Since 1995, NOAA Fisheries has operated Passive Integrated Transponder (PIT) tag detection systems in the Columbia River estuary near Jones Beach (rkm 75). This location serves as the furthest downstream interrogation site on the mainstem Columbia. Detection data contributes to multiple studies throughout the basin, with primary emphasis on completing juvenile salmonid hydrosystem survival estimates to Bonneville Dam. To detect PIT-tagged outmigrating salmonid smolts in 2023, this location used three methods of interrogation: the long-running towed PIT trawl operation, a towed flexible antenna array, and several stationary autonomous detection sites installed on pile dikes. Here we describe the towed methodologies used in 2023 and their contribution to estuary detection.

The towed PIT trawl has undergone few alterations in the last 15 years. It utilizes a 91.5 meter wide trawl net towed upstream by two 41 foot Coast Guard Cutters in a pair trawl formation. The trawl net constricts into a 2.6 by 3.0 meter fish passage corridor containing a front and rear antenna array (each antenna consisting of three parallel antennas).

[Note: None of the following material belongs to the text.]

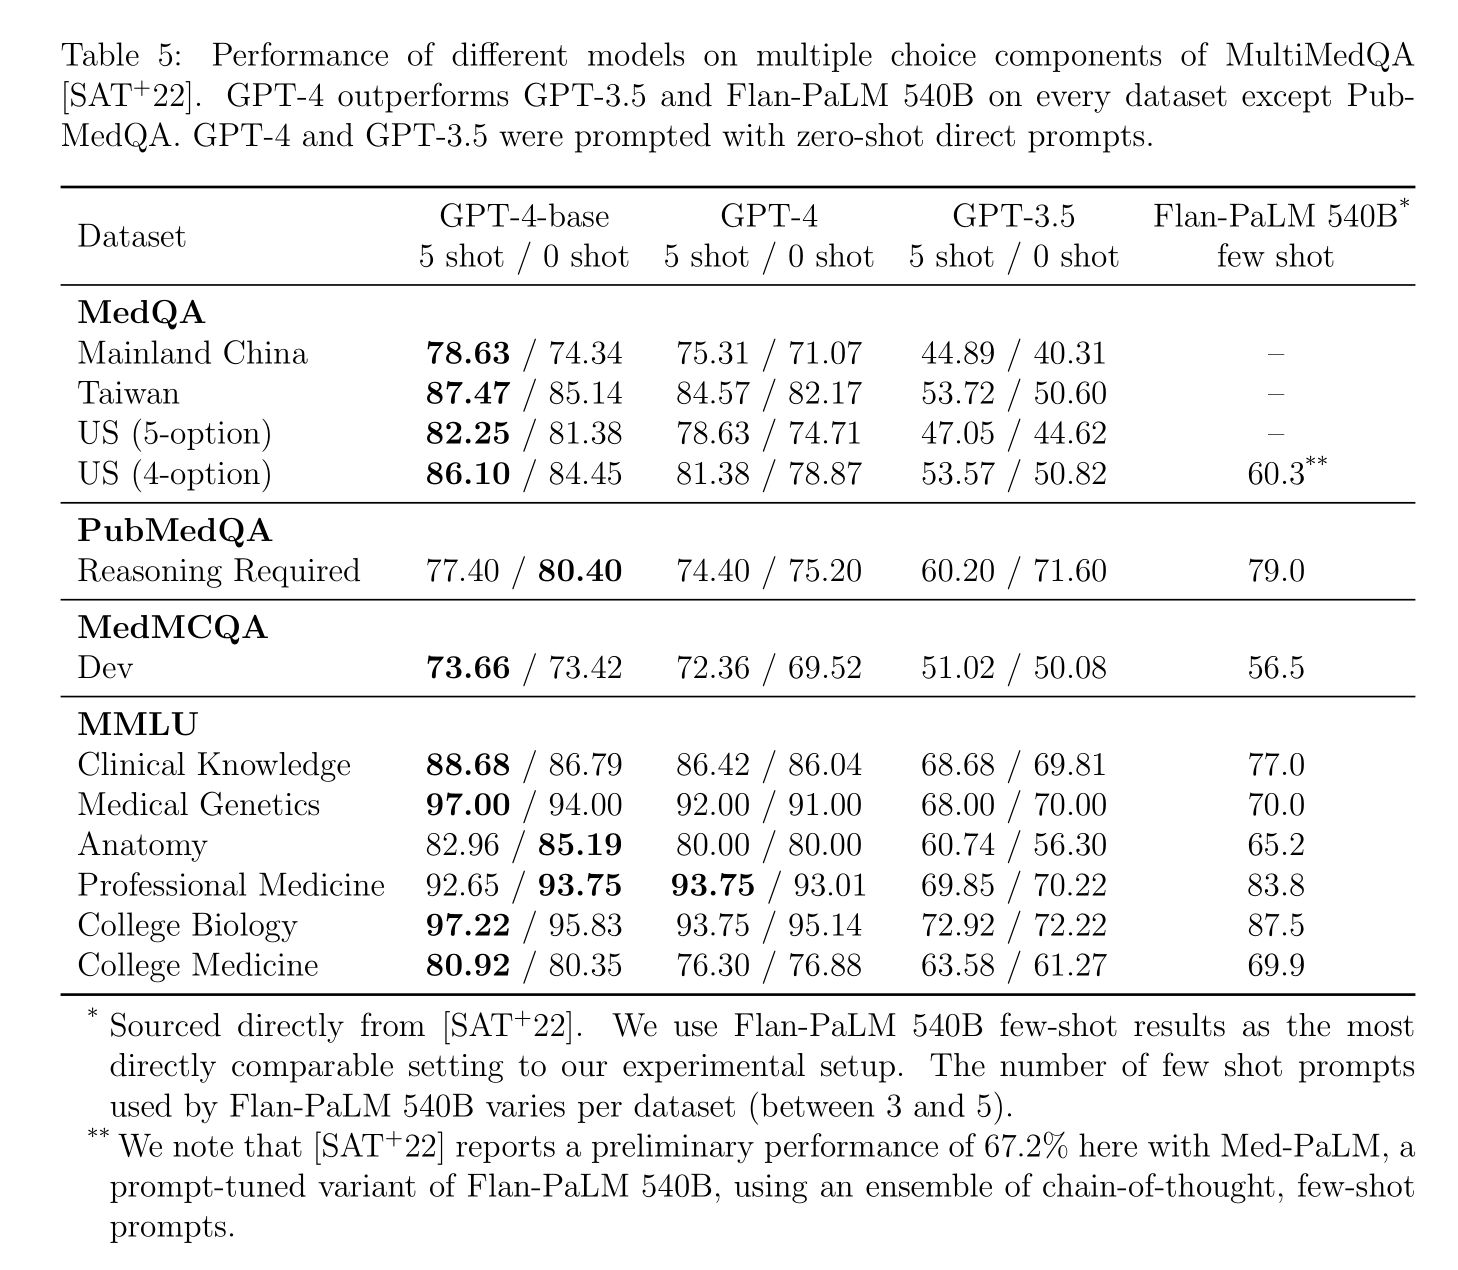 Table 5: Performance of different models on multiple choice components of MultiMedQA. GPT-4 outperforms GPT-3.5 and Flan-PaLM 540B on every dataset except PubMedQA. GPT-4 and GPT-3.5 were prompted with zero-shot direct prompts.

The towed flexible antenna array was developed in 2012 to determine the feasibility of towed detection without a trawl net. The system used in 2023 was composed of eight 6.1 by 2.4 meter horizontally oriented flexible antennas and did not use a net to focus fish towards the antennas. It was towed by a 24 foot pilot house vessel and a 38 foot landing craft that deployed and retrieved the array from a mechanical net-reel. Advantages of this system included no potential for incidental take of salmonids (and therefore no permitting requirements), smaller vessels and crew sizes, and operation in areas inaccessible to the PIT trawl.

During our sampling season the PIT trawl detected 9,754 PIT-tagged fish, of which 41% were Chinook, 7% were coho, 46% were steelhead, 4% were sockeye, less than 1% were cutthroat trout, and 2% were unknown species. During the same period the towed flexible antenna array detected 2,169 PIT-tagged fish, of which 9% were Chinook, 8% were coho, 80% were steelhead, 1% were sockeye, less than 1% were cutthroat trout, and 2% were unknown species. 

Over the next two years we will continue modifying the towed flexible antenna array and sample concurrently with both towed systems alongside our stationary pile dike sites to streamline PIT-tagged juvenile salmonid detection in the Columbia River estuary.